A a is wrongly said by Stenhouse, The Scots Musical Museum, IV, 213, to have appeared in Ramsay's Miscellany in 1724. It is not even in the edition of 1733, but, according to Mr. Chappell, was first inserted in that of 1740. Ramsay's copy is repeated in Herd, 1769, p. 29, 1776, I, 19, Johnson's Museum, p. 230, No 221, and Ritson's Scotish Song, II, 196. C was perhaps derived from Ramsay, but possibly may have come down by purely oral tradition.
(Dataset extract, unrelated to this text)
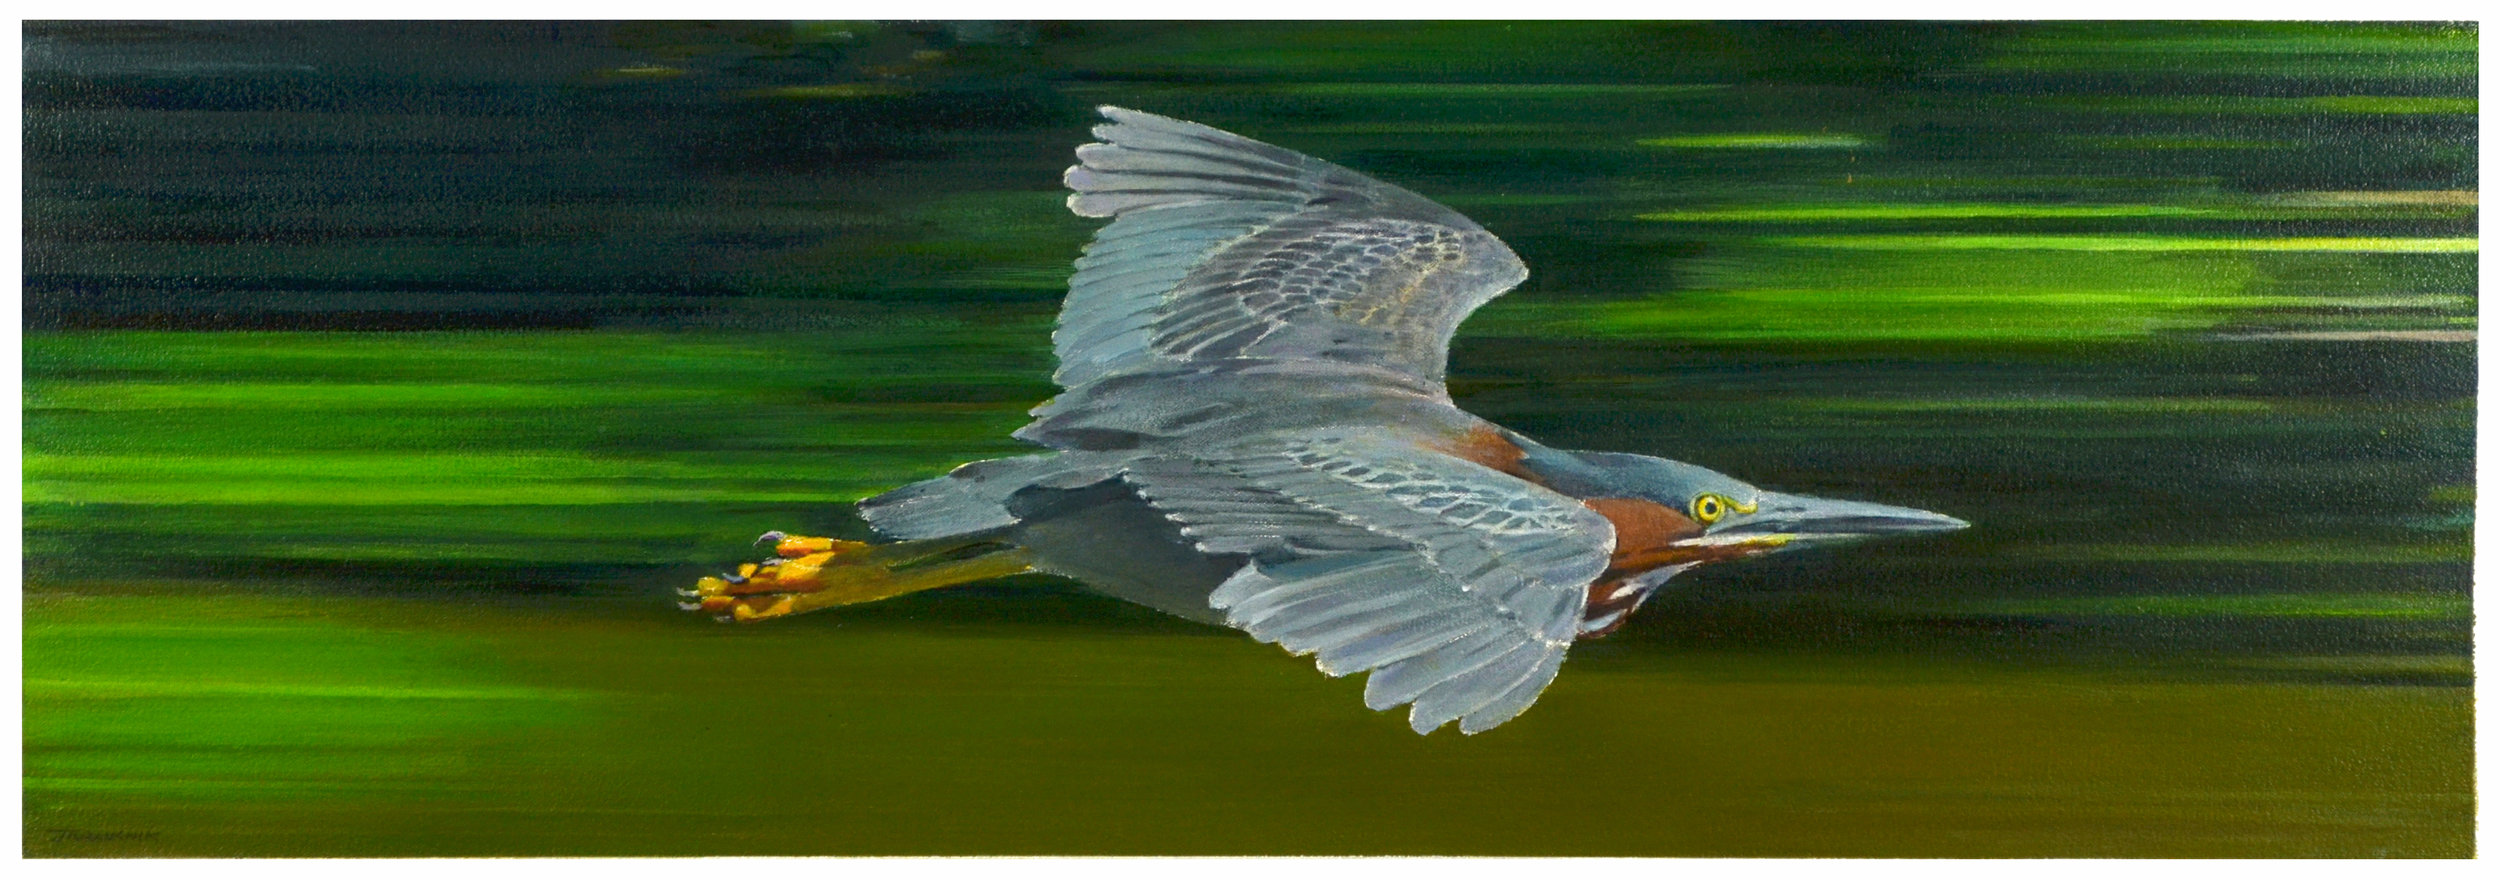 Bird in Flight - Green Heron

Some later copies of B have Reading Town for Scarlet Town (Chappell).
The Scottish ballad is extended in Buchan's Manuscripts, I, 90, Motherwell's Manuscript, p. 671, to forty-one stanzas. In this amplified copy, which has no claim to be admitted here, the dying lover leaves his watch and gold ring, his Bible and penknife, a mill and thirty ploughs, nine meal-mills and the freights of nine ships, all to tocher Barbara Allan. This is the ballad referred to by Charles Kirkpatrick Sharpe in Stenhouse's edition of the Museum, IV, 300*, as sung by the peasantry of Allandale. Doubtless it was learned by them from some stall-print.
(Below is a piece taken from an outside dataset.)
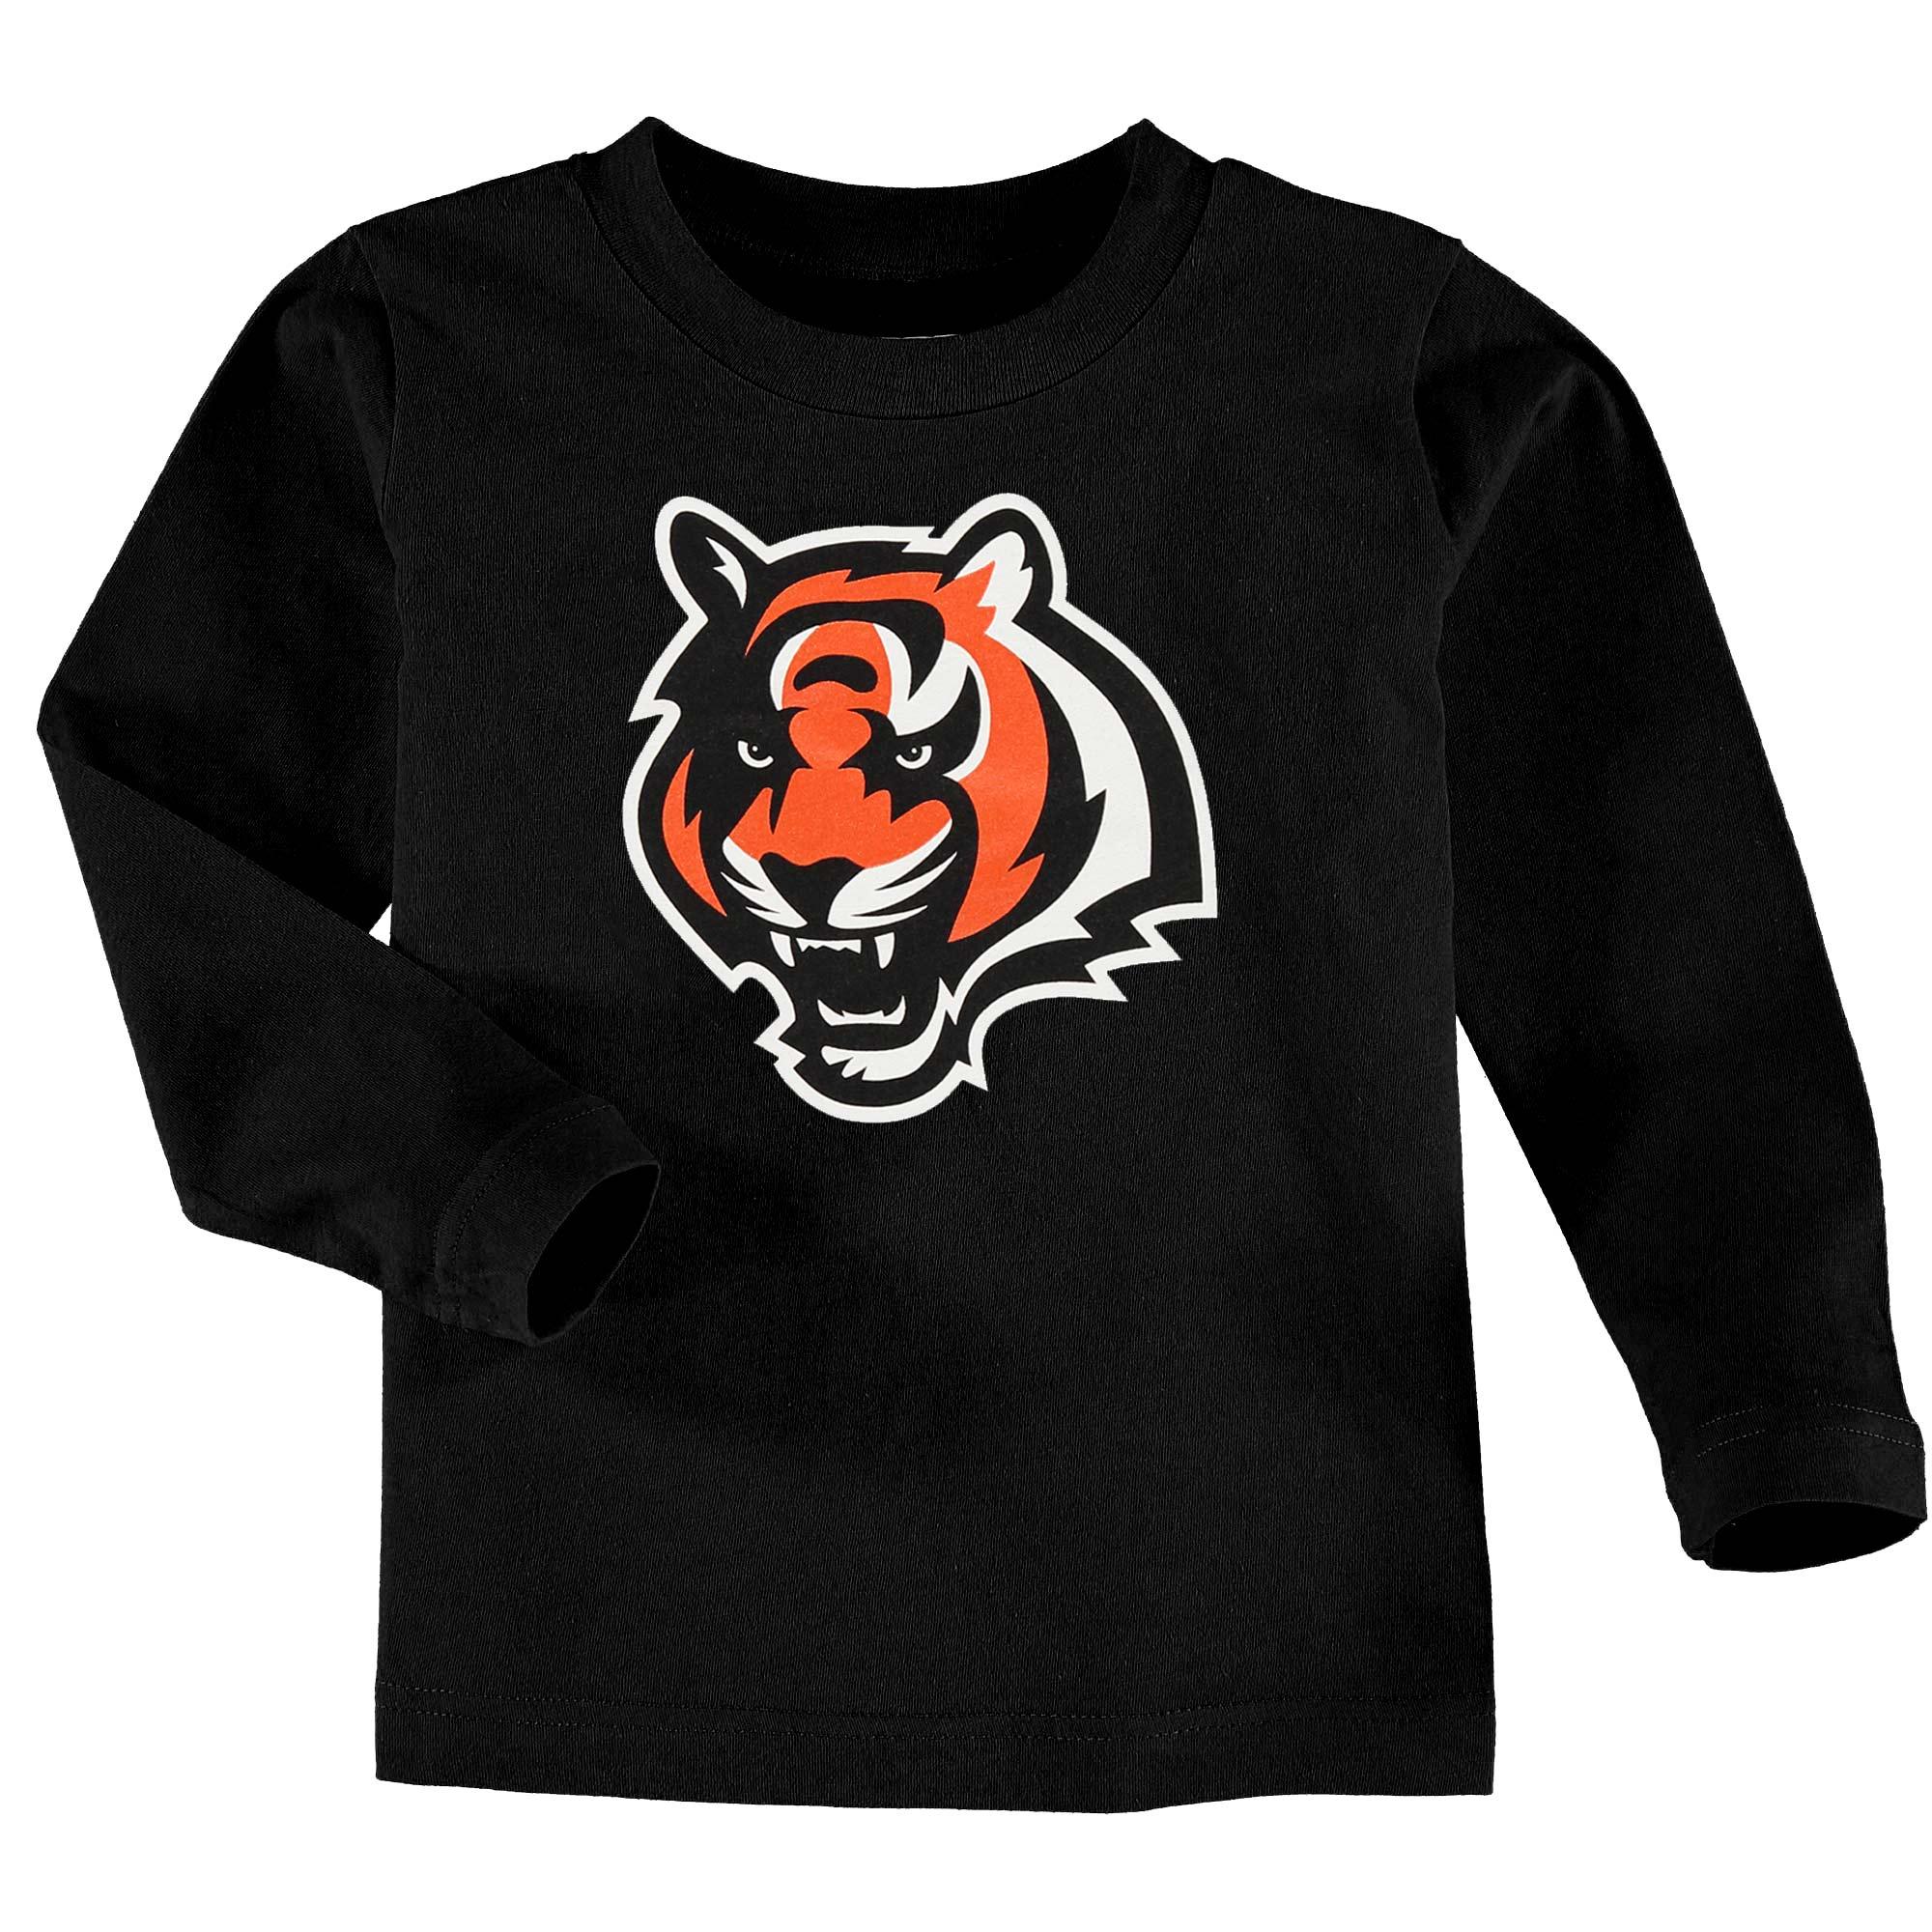 Cincinnati Bengals Toddler Team Logo Long Sleeve T-Shirt - Black

Pepys makes this entry in his Diary, January 2, 1666: "In perfect pleasure I was to hear her [Mrs. Knipp, an actress] sing, and especially her little Scotch song of Barbary Allen." Goldsmith, in his third essay, 1765, p. 14, writes: The music of the finest singer is dissonance to what I felt when an old dairy maid sung me into tears with 'Johnny Armstrong's Last Good-night,' or 'The Cruelty of Barbara Allen.'[foot-note]
A b is translated by Loeve-Veimars, p. 379, von Marges, p. 34; B d by Bodmer, I, 85.